“So it is,” returned Loring drily.

Mrs. Romayne laughed, and dropped the glasses with which she had been coolly surveying the garment in question.

“That was rather obvious, wasn’t it?” she said gaily. “By-the-bye, did you want to see Julian?”

There was a moment’s pause after Loring had replied, pleasantly enough, in the negative, and then Mrs. Romayne looked up at him suddenly, and said:

“It’s frightfully hot in here, don’t you think? Suppose we try one of the less popular rooms?” She stopped a moment, and then added with her most artificial laugh: “Of course, you gather from that that I’m going to victimise you again? Yes; I do want a little quiet talk with you. Who’d be a conspirator?”

There was nothing of the unwilling victim, at least, in Loring’s tone or manner as he deprecated her words. Nor was there either reluctance or tedium in his face as he followed her through the room. On the contrary, it was almost lighted up by an expression of sudden purpose.

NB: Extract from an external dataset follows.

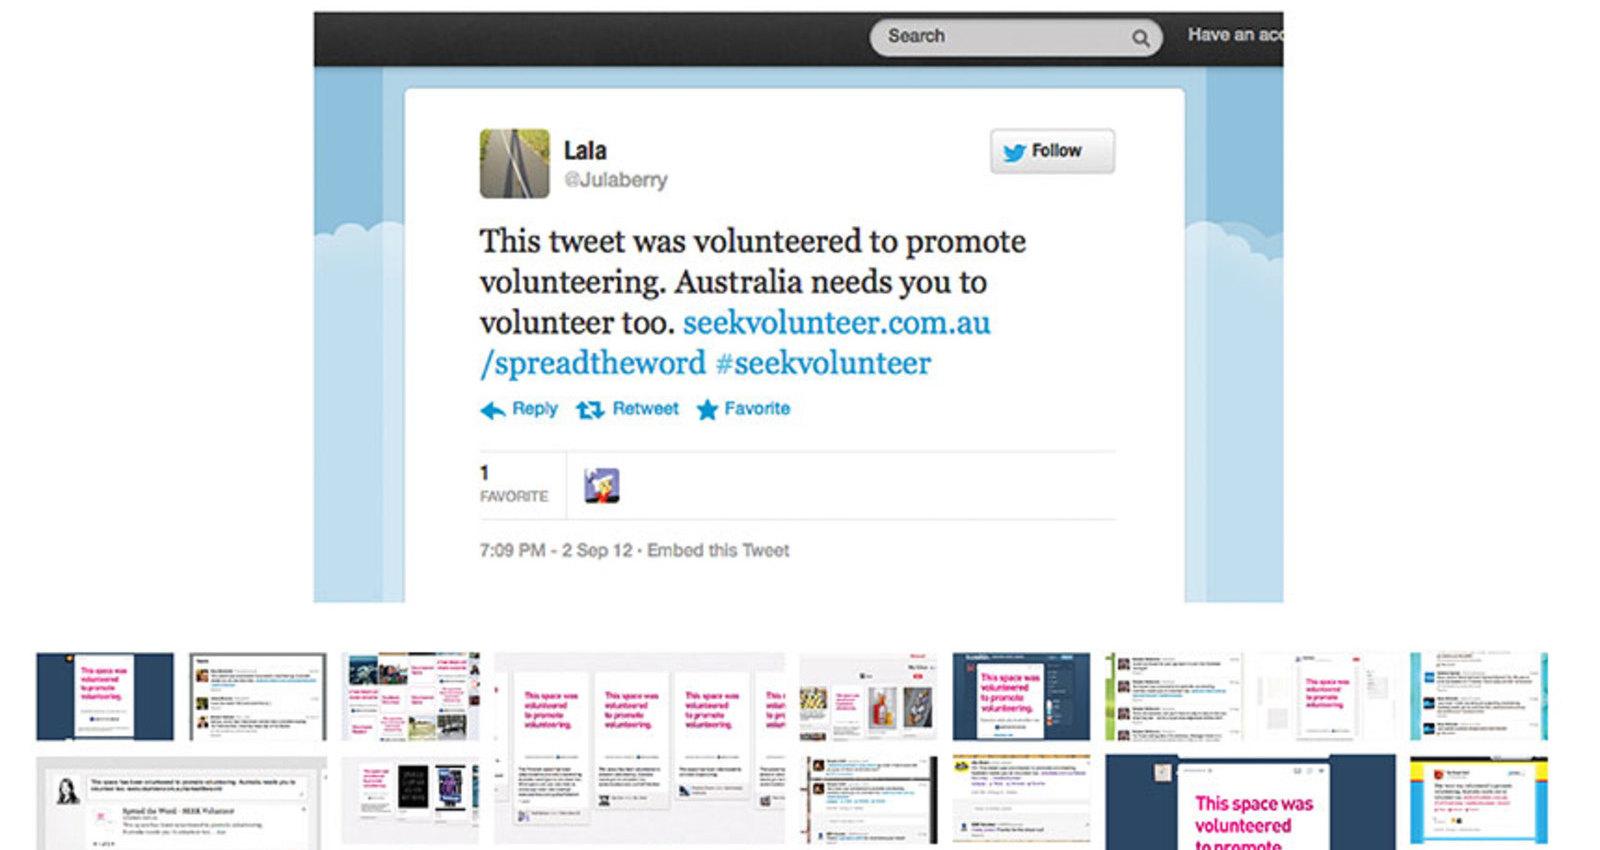 Volunteer to promote volunteering

Mrs. Romayne led the way to the almost deserted miniature room, and they began to walk slowly up and down, to all intents and purposes alone together. There seemed to be no particular point to Mrs. Romayne’s desire for a private conference with her fellow-conspirator. She talked about Julian; talked about him carelessly, artificially, but with a persistence which only another mother could have understood; slipping in little questions now and then on all sorts of details connected with that business side of a man’s life, as to which, she said, “women are always so in the dark;” and reverting again and again to her satisfaction and reliance in his mentor.

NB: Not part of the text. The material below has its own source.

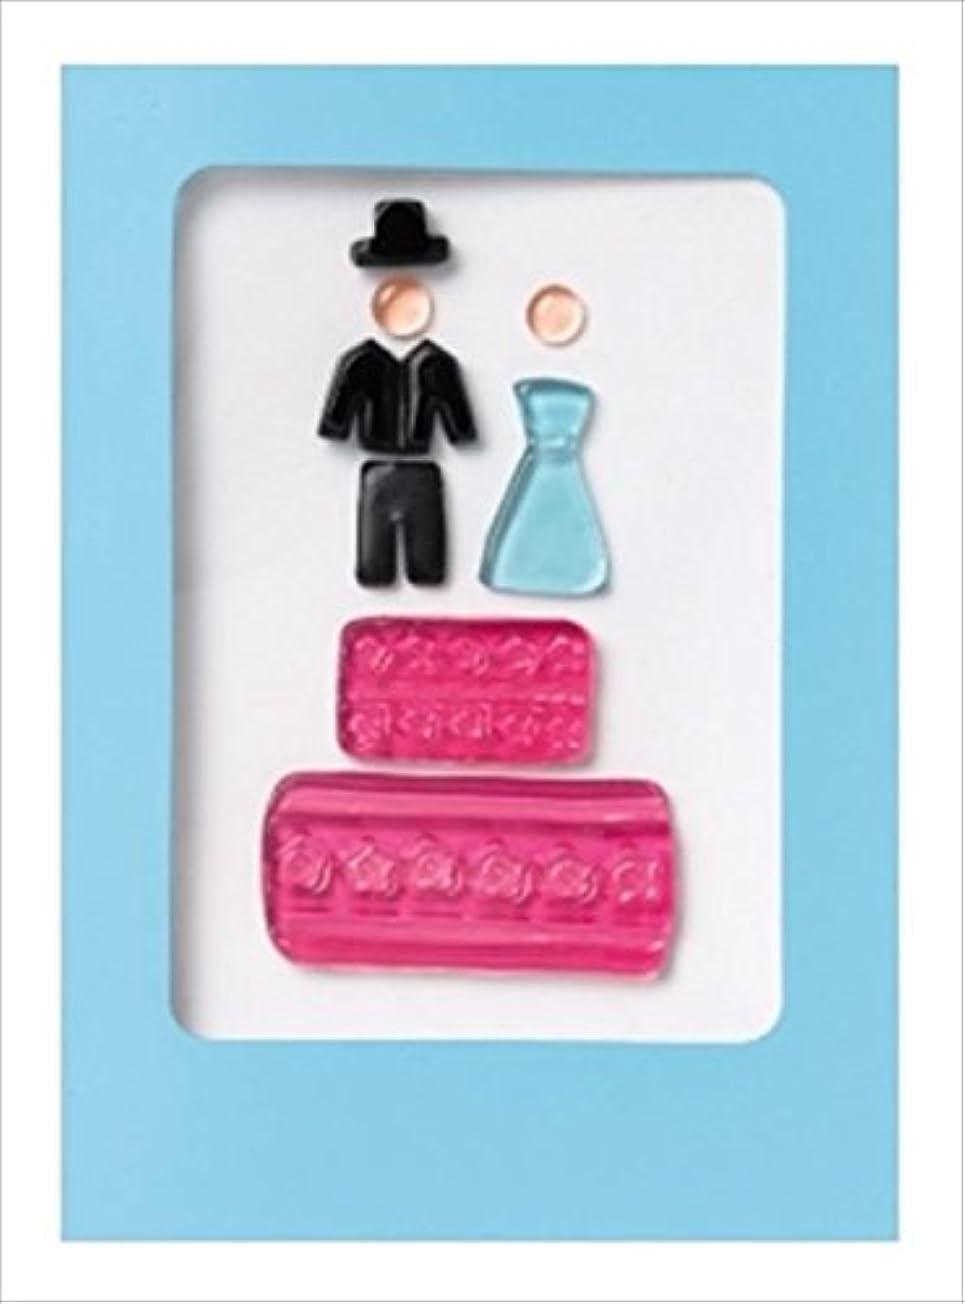 公平ティーム究極のGelGems(ジェルジェム) ジェルジェムグリーティングカード 「 ウェディング 」 E0410029 キャンドル 143x192x5mm (E0410029)

“It’s rather absurd to quote those ridiculous old proverbs,” she said at last, laughing affectedly, “but isn’t there one, or a fable, or something, about a duck whose chickens—no, a hen whose chickens, it would be, wouldn’t it?—would take to the water, and agitated her awfully because she couldn’t go after them? That’s exactly what I feel like, I assure you. And I look upon you as an exceptionally sensible water-bird who is also at home on the land—a kind of connecting link. Humiliating similes, aren’t they?”

Loring smiled in answer to her laugh. But his tone as he answered her was rather grave.